Les trois amis se regardèrent silencieusement. De déjeuner, plus question. Barbicane, les dents serrées, les sourcils contractés, les poings fermés convulsivement, observait à travers le hublot. Nicholl s'était croisé les bras, examinant ses calculs. Michel Ardan murmurait:
«Voilà bien ces savants! Ils n'en font jamais d'autres! Je donnerais vingt pistoles pour tomber sur l'Observatoire de Cambridge et l'écraser avec tous les tripoteurs de chiffres qu'il renferme!»
Tout d'un coup, le capitaine fit une réflexion qui alla droit à Barbicane.
«Ah çà! dit-il, il est sept heures du matin. Nous sommes donc partis depuis trente-deux heures. Plus de la moitié de notre trajet est parcourue, et nous ne tombons pas, que je sache!»
Barbicane ne répondit pas. Mais, après un coup d'oeil rapide jeté au capitaine, il prit un compas qui lui servait à mesurer la distance angulaire du globe terrestre. Puis, à travers la vitre inférieure, il fit une observation très exacte, vu l'immobilité apparente du projectile. Se relevant alors, essuyant son front où perlaient des gouttes de sueur, il disposa quelques chiffres sur le papier. Nicholl comprenait que le président voulait déduire de la mesure du diamètre terrestre la distance du boulet à la Terre. Il le regardait anxieusement.

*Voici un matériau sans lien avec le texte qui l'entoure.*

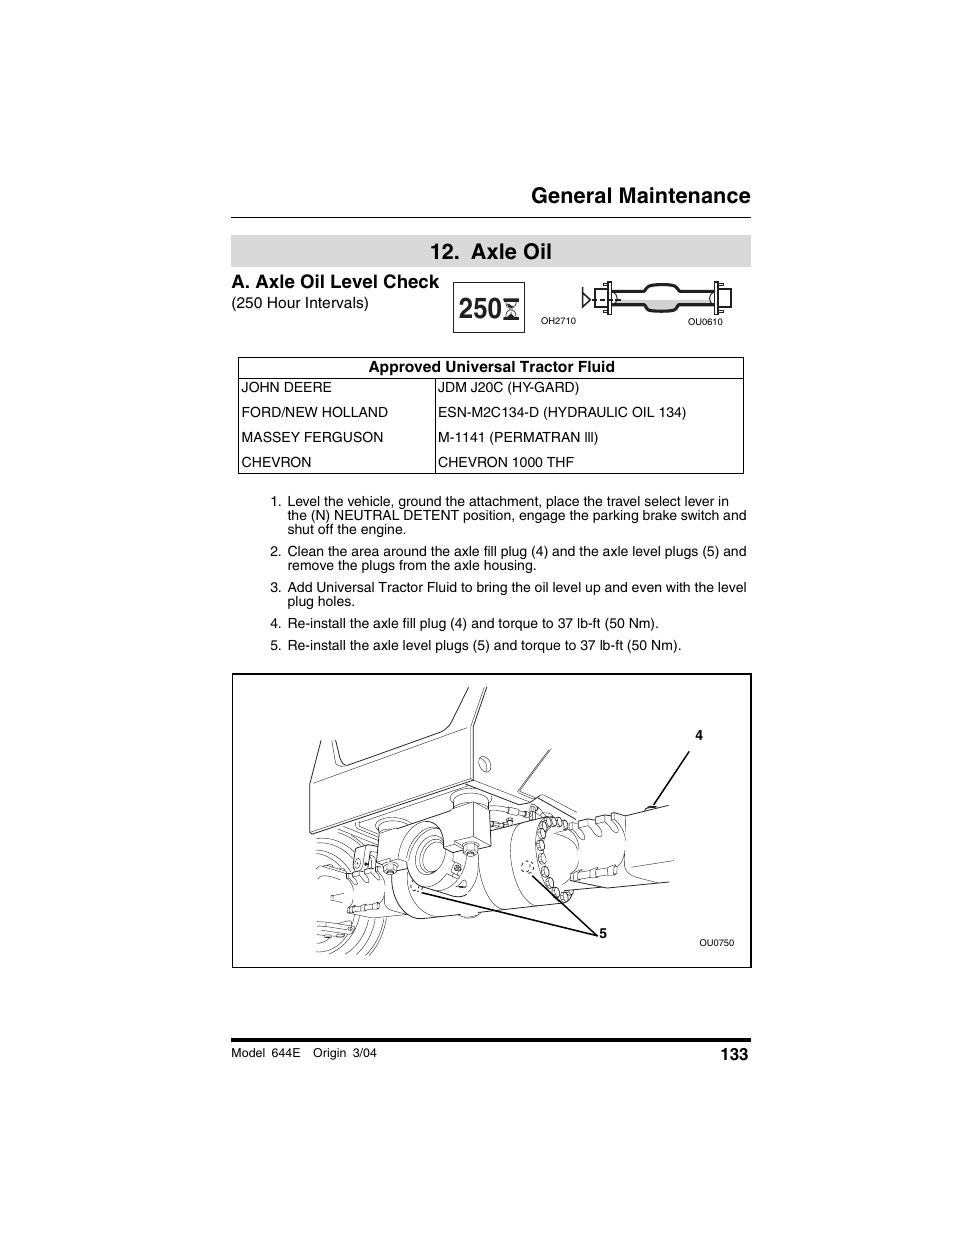 axle oil, A  axle oil level check, 250 hour intervals

«Non! s'écria Barbicane après quelques instants, non, nous ne tombons pas! Nous sommes déjà à plus de cinquante mille lieues de la Terre! Nous avons dépassé ce point où le projectile aurait dû s'arrêter, si sa vitesse n'eût été que de onze mille mètres au départ! Nous montons toujours!
--C'est évident, répondit Nicholl, et il faut en conclure que notre vitesse initiale, sous la poussée des quatre cent mille livres de fulmi-coton, a dépassé les onze mille mètres réclamés. Je m'explique alors que nous ayons rencontré, après treize minutes seulement, le deuxième satellite qui gravite à plus de deux mille lieues de la Terre.

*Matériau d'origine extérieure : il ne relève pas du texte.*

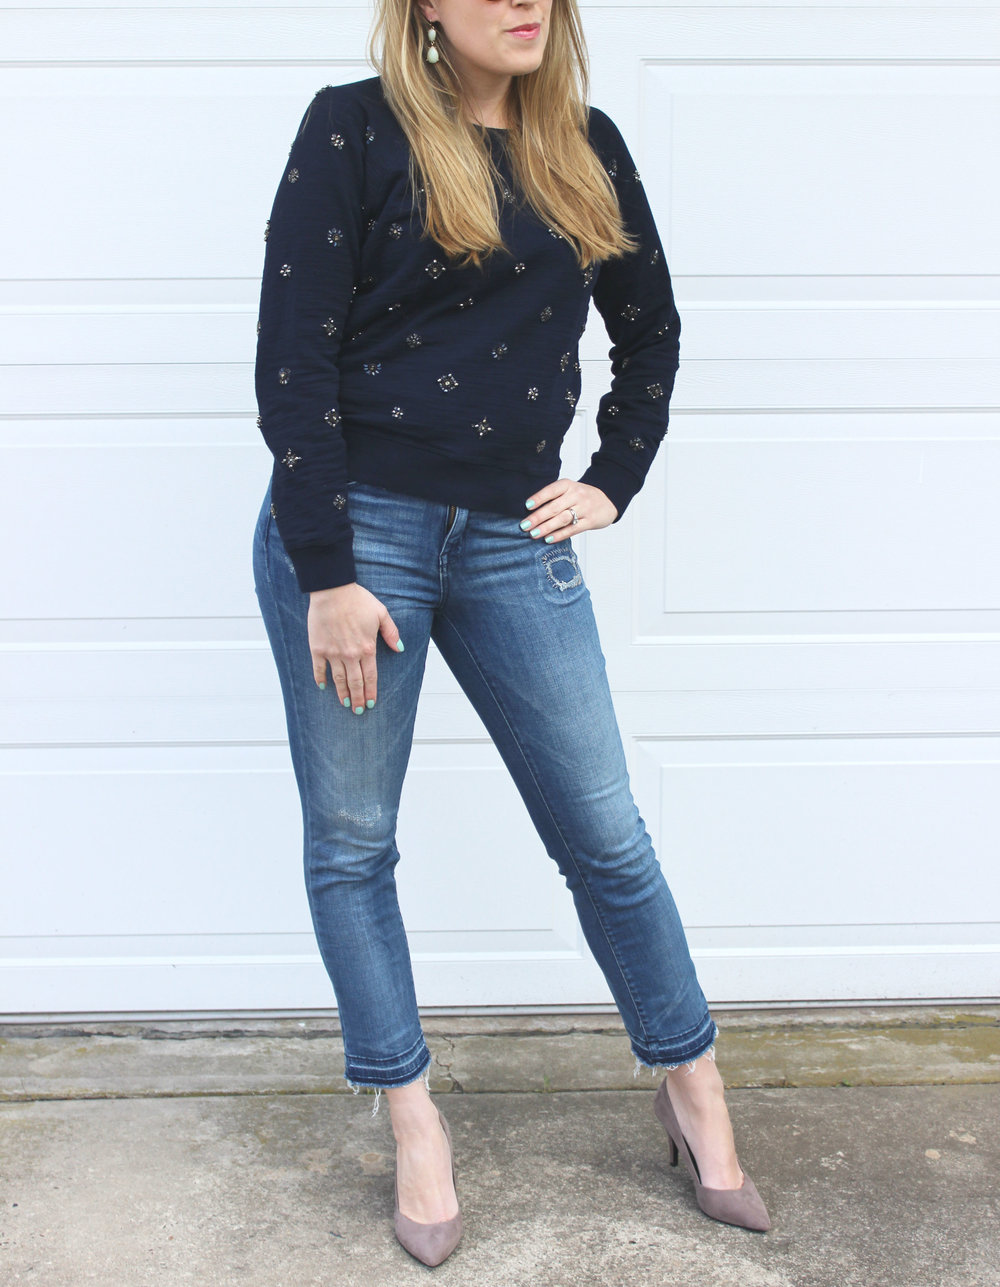 Wearing: The Jeweled Sweatshirt

--Et cette explication est d'autant plus probable, ajouta Barbicane, qu'en rejetant l'eau renfermée entre ses cloisons brisantes, le projectile s'est trouvé subitement allégé d'un poids considérable.
--Juste! fit Nicholl.
--Ah! mon brave Nicholl, s'écria Barbicane, nous sommes sauvés!
--Eh bien, répondit tranquillement Michel Ardan, puisque nous sommes sauvés, déjeunons.»
En effet, Nicholl ne se trompait pas. La vitesse initiale avait été, très heureusement, supérieure à la vitesse indiquée par l'Observatoire de Cambridge, mais l'Observatoire de Cambridge ne s'en était pas moins trompé.
Les voyageurs, remis de cette fausse alerte, se mirent à table et déjeunèrent joyeusement. Si l'on mangea beaucoup, on parla plus encore. La confiance était plus grande après qu'avant «l'incident de l'algèbre».
«Pourquoi ne réussirions-nous pas? répétait Michel Ardan. Pourquoi n'arriverions-nous pas? Nous sommes lancés. Pas d'obstacles devant nous. Pas de pierres sur notre chemin. La route est libre, plus libre que celle du navire qui se débat contre la mer, plus libre que celle du ballon qui lutte contre le vent! Or, si un navire arrive où il veut, si un ballon monte où il lui plaît, pourquoi notre projectile n'atteindrait-il pas le but qu'il a visé.
--Il l'atteindra, dit Barbicane.
--Ne fût-ce que pour honorer le peuple américain, ajouta Michel Ardan, le seul peuple qui fût capable de mener à bien une telle entreprise, le seul qui pût produire un président Barbicane! Ah! j'y pense, maintenant que nous n'avons plus d'inquiétude, qu'allons-nous devenir? Nous allons nous ennuyer royalement!»
Barbicane et Nicholl firent un geste de dénégation.
«Mais j'ai prévu le cas, mes amis, reprit Michel Ardan. Vous n'avez qu'à parler. J'ai à votre disposition, échecs, dames, cartes, dominos! Il ne me manque qu'un billard!
--Quoi! demanda Barbicane, tu as emporté de pareils bibelots?
--Sans doute, répondit Michel, et non seulement pour nous distraire, mais aussi dans l'intention louable d'en doter les estaminets sélénites.
--Mon ami, dit Barbicane, si la Lune est habitée, ses habitants ont apparu quelques milliers d'années avant ceux de la Terre, car on ne peut douter que cet astre ne soit plus vieux que le nôtre.